[speechm2] Support indexed sharegpt JSONL and webdataset formats by pzelasko · Pull Request #15410 · NVIDIA-NeMo/NeMo

pzelasko · 2026-02-17T16:57:34Z

Important

The Update branch button must only be pressed in very rare occassions.
An outdated branch is never blocking the merge of a PR.
Please reach out to the automation team before pressing that button.

What does this PR do ?

The first PR to support indexed datasets. It reads a binary index (sequence of uint64 byte offsets marking beginning of each sample in a file), generates random permutation of indexes on the fly, and looks up the right sample.

This implementation pretends it's a sequential IO dataset for compatibility, but will be used as a building block for a resumable dataloader in the future.

Supported formats:

share_gpt

two files data.jsonl and data.jsonl.idx
schema (single line):

        {
            "id": f"audio_convo",
            "sound": f"audio.wav",
            "conversations": [
                {"from": "human", "value": f"Listen to this: <sound> What do you think?"},
                {"from": "gpt", "value": f"Response"},
            ],
        }

share_gpt_webdataset

directory with files like shard_0.tar + shard_0.tar.idx
layout

    Expected directory layout::
        data_dir/
          wids-meta.json                          # shard list metadata
          0/
            shard-0.tar      shard-0.tar.idx      # tar + optional index
            ...
    Each tar archive contains paired files per sample (same basename)::
        0.json   0.wav
        1.json   1.wav
        ...

individual json file has one line with the schema of share_gpt

Collection: speechlm2

Changelog

Data type parsers for indexed JSONL and webdataset based share_gpt format data.

Usage

You can potentially add a usage example below

# Add a code snippet demonstrating how to use this

GitHub Actions CI

The Jenkins CI system has been replaced by GitHub Actions self-hosted runners.

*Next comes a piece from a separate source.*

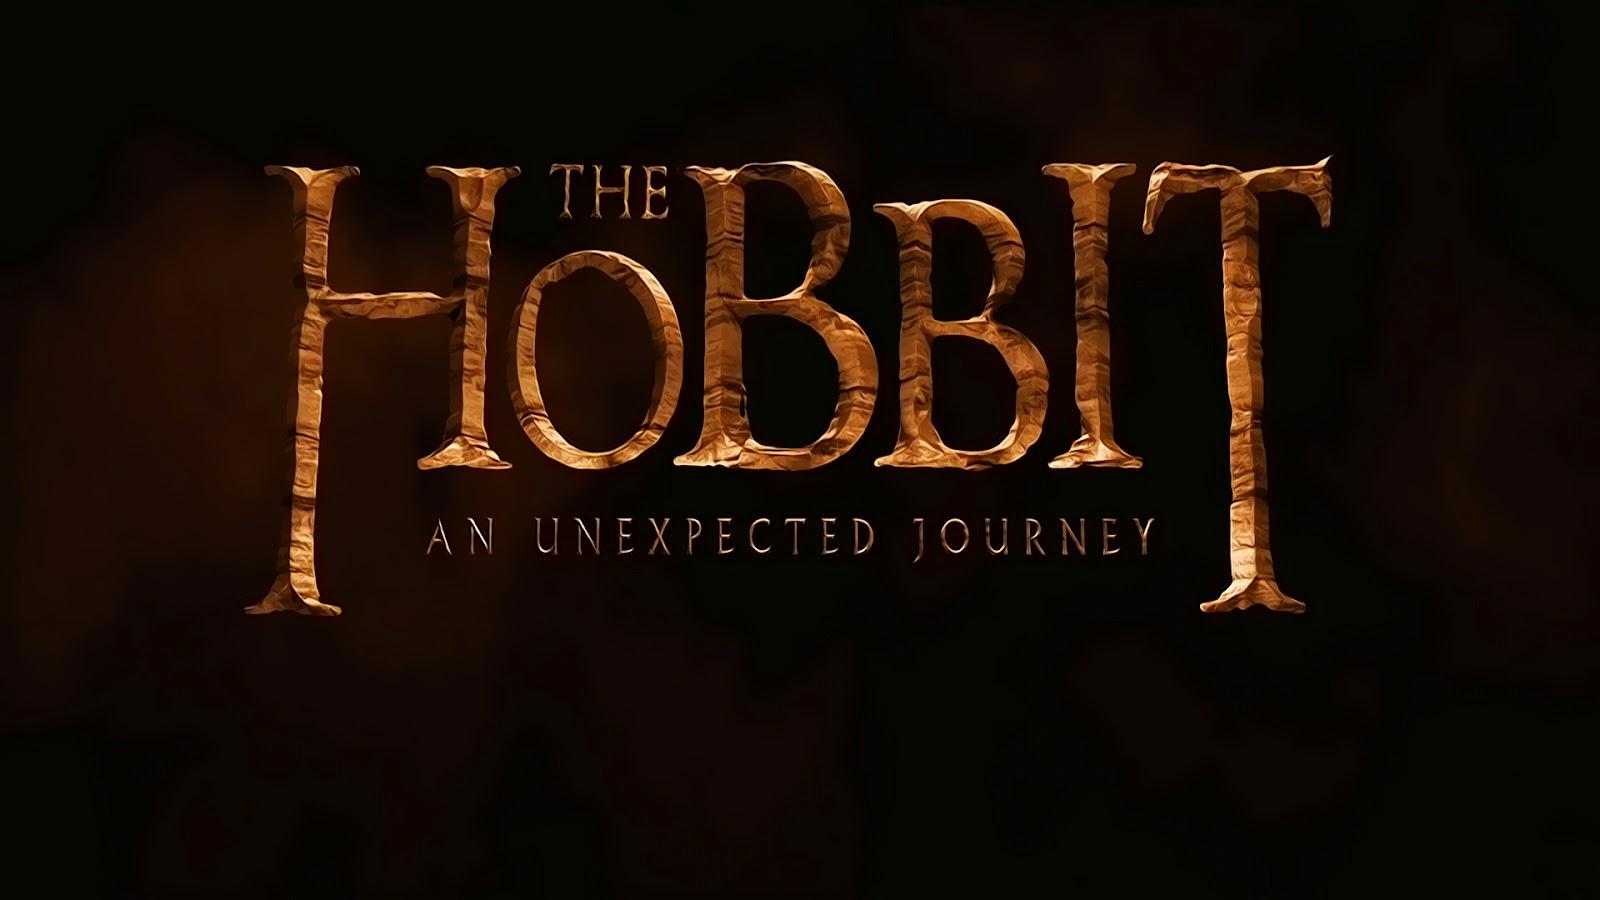 http://4.bp.blogspot.com/-xtjXvRgRkX8/UBMvYbhptBI/AAAAAAAADbY/4PF4KursQZo/s1600/The-Hobbit-An-Unexpected-Journey-Wallpapers-1920x1080-26.jpg
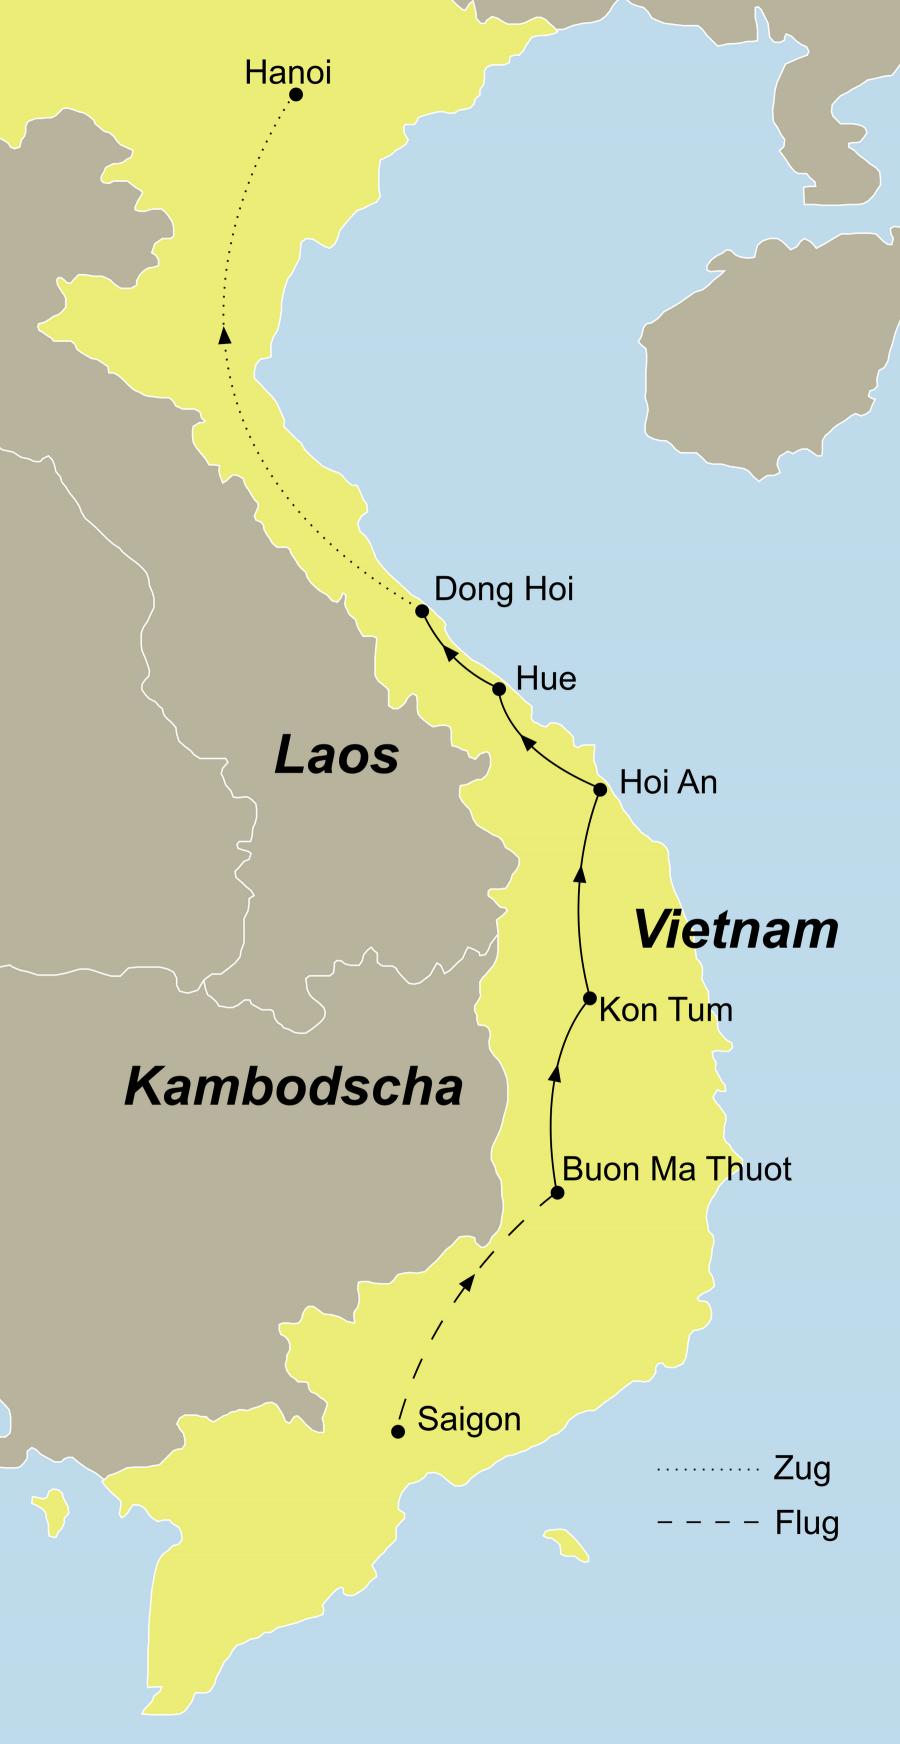 Die Vietnam Rundresie führt von Saigon über Buon Ma Thuot – Kon Tum – Hoi An – My Son – Hue – Phong Nga Nationalpark nach Hanoi.

The GitHub Actions CI will run automatically when the "Run CICD" label is added to the PR.
To re-run CI remove and add the label again.
To run CI on an untrusted fork, a NeMo user with write access must first click "Approve and run".

Before your PR is "Ready for review"

Pre checks:

Make sure you read and followed Contributor guidelines
Did you write any new necessary tests?
Did you add or update any necessary documentation?
Does the PR affect components that are optional to install? (Ex: Numba, Pynini, Apex etc)
- Reviewer: Does the PR have correct import guards for all optional libraries?

PR Type:

New Feature
Bugfix
Documentation

If you haven't finished some of the above items you can still open "Draft" PR.

Who can review?

Anyone in the community is free to review the PR once the checks have passed.
Contributor guidelines contains specific people who can review PRs to various areas.

Additional Information

Related to # (issue)

Signed-off-by: Piotr Żelasko <petezor@gmail.com>

github-actions · 2026-02-17T19:21:36Z

[🤖]: Hi @pzelasko 👋,

We wanted to let you know that a CICD pipeline for this PR just finished successfully.

So it might be time to merge this PR or get some approvals.

//cc @chtruong814 @ko3n1g @pablo-garay @thomasdhc

tbartley94

Formatting and structural changes. General logic looks good though.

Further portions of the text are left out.